▸ **WHAT THIS TASK INVOLVES**: Transcribe everything in the listing below exactly, except the pictures.

*** Opening RECORDED DATA ***

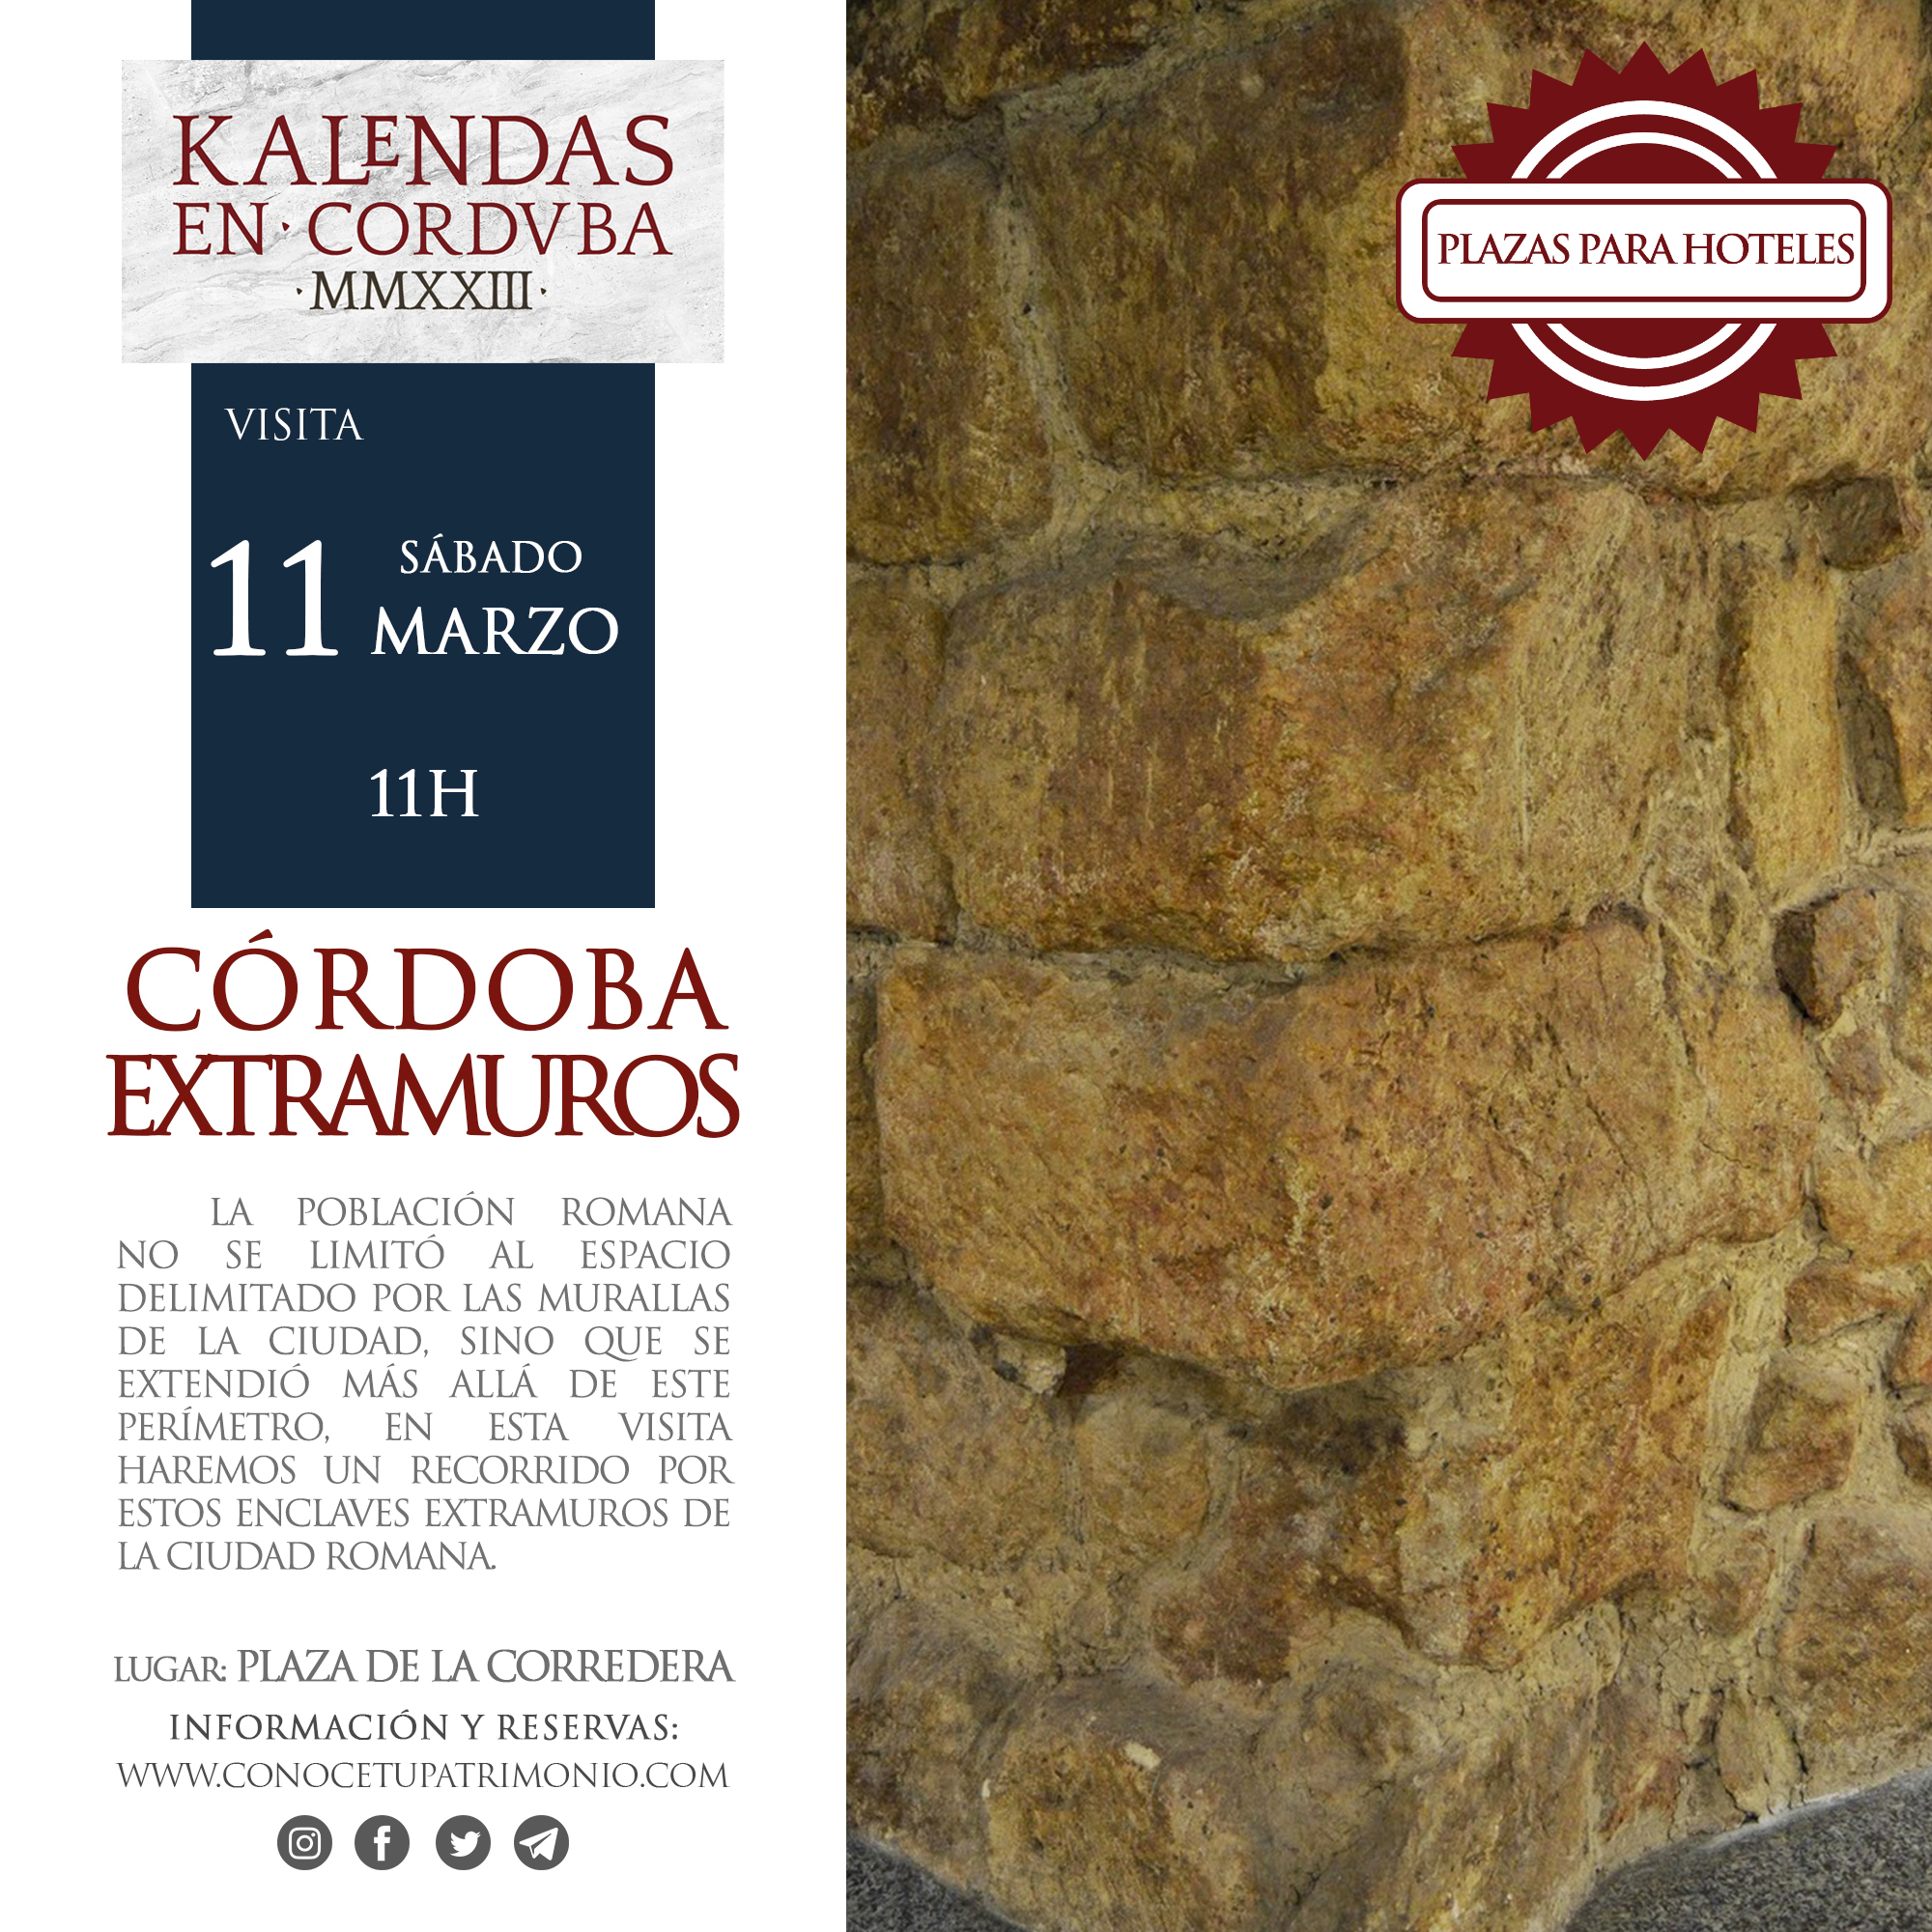 Hotel - Visita - Córdoba extramuros - 11 Marzo - 11 h.
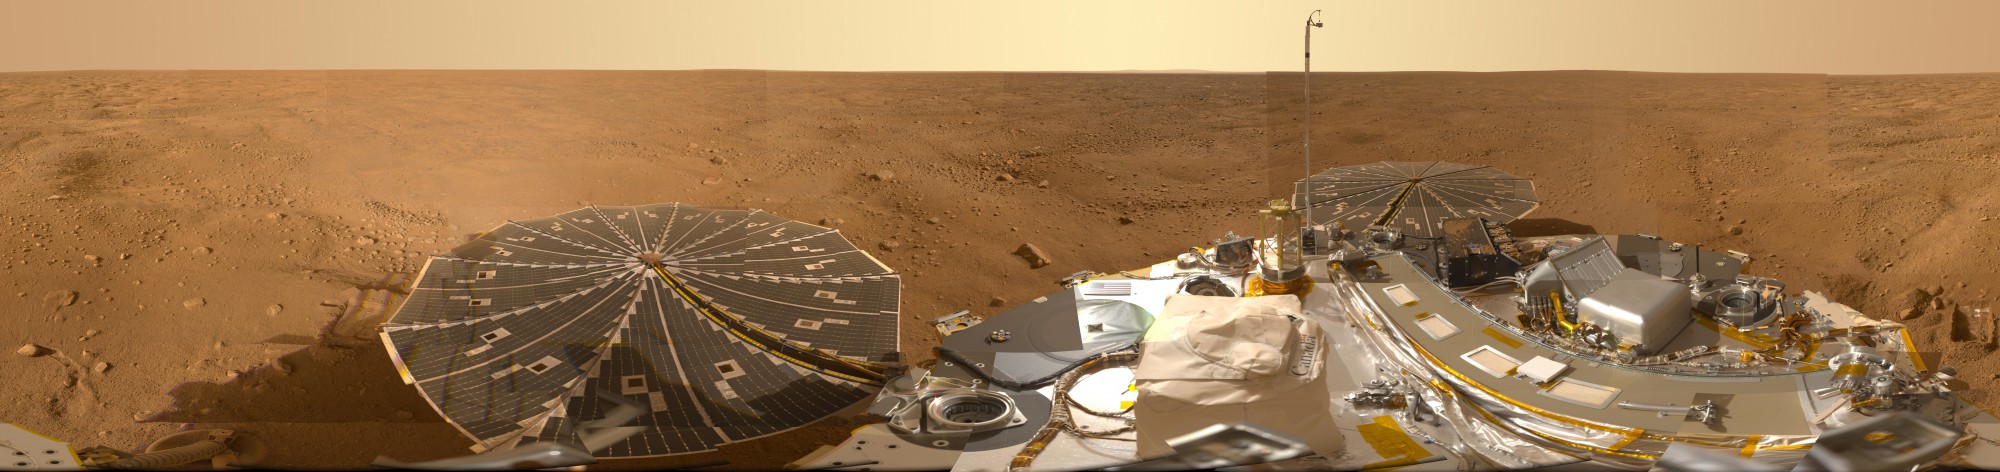 NASA - Mars Panorama (pd)
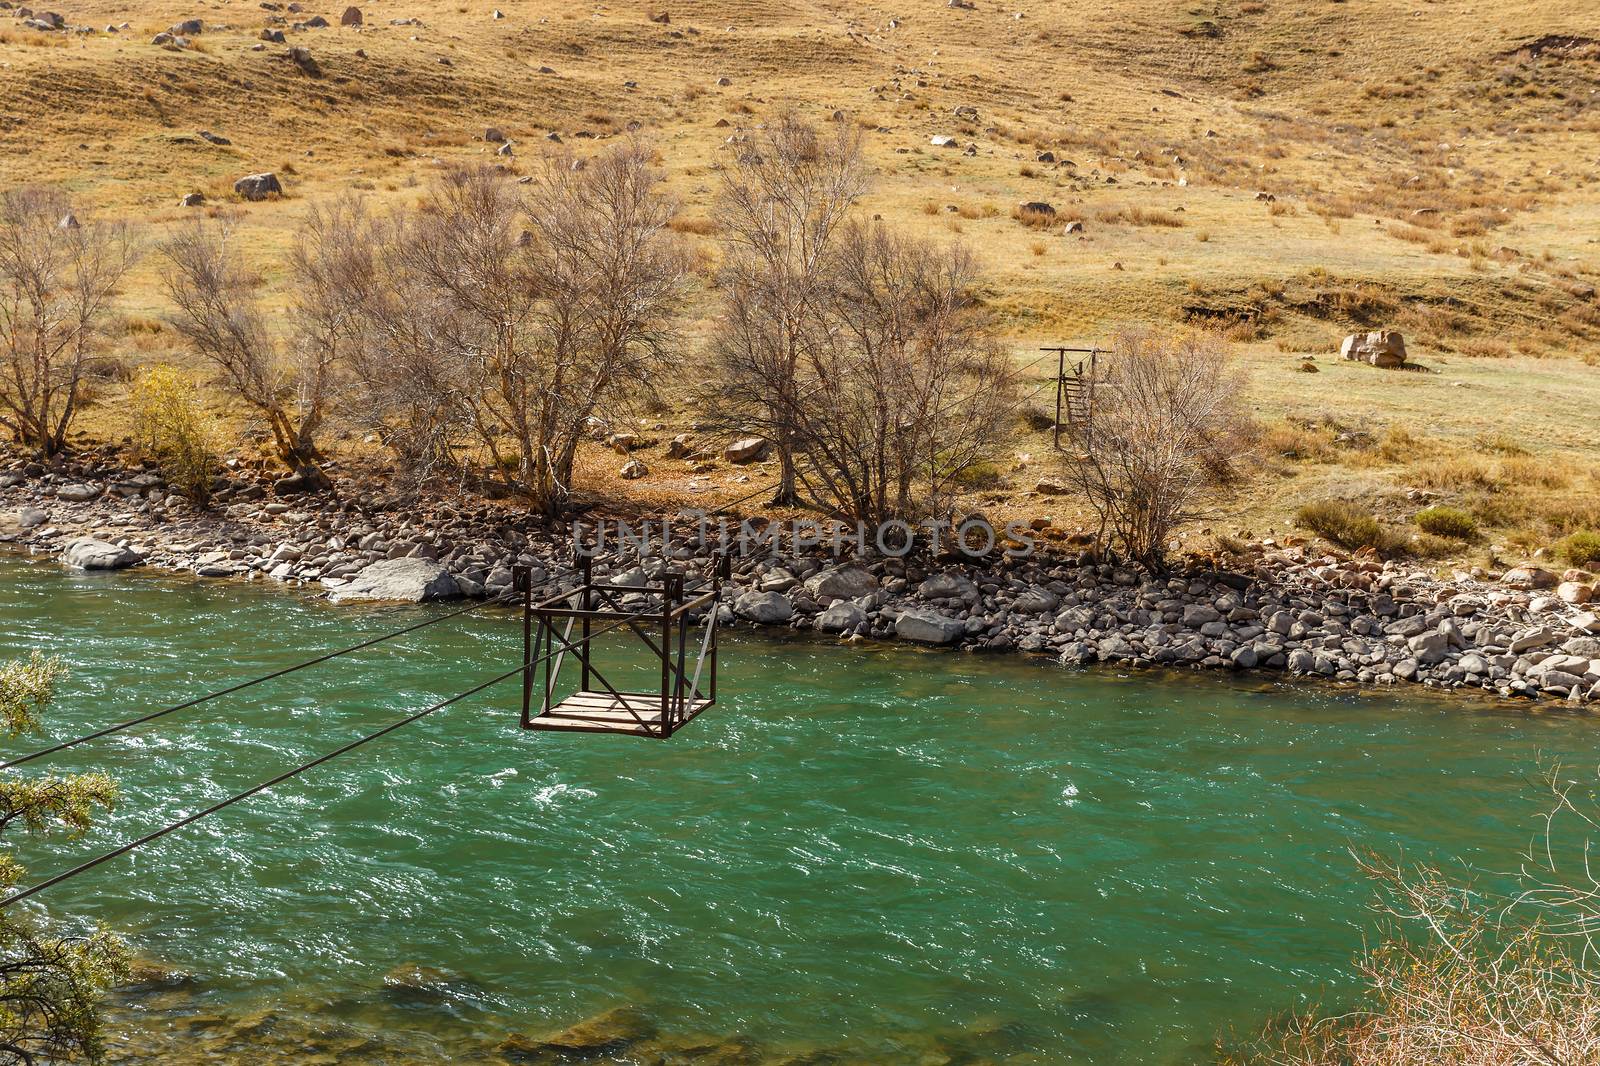 Kokemeren river, Djumgal Kyrgyzstan by Mieszko9

*** Closing RECORDED DATA ***

▸ **ANSWER SPACE**:
 Hotel - Visita - Córdoba extramuros - 11 Marzo - 11 h.
 NASA - Mars Panorama (pd)
 Kokemeren river, Djumgal Kyrgyzstan by Mieszko9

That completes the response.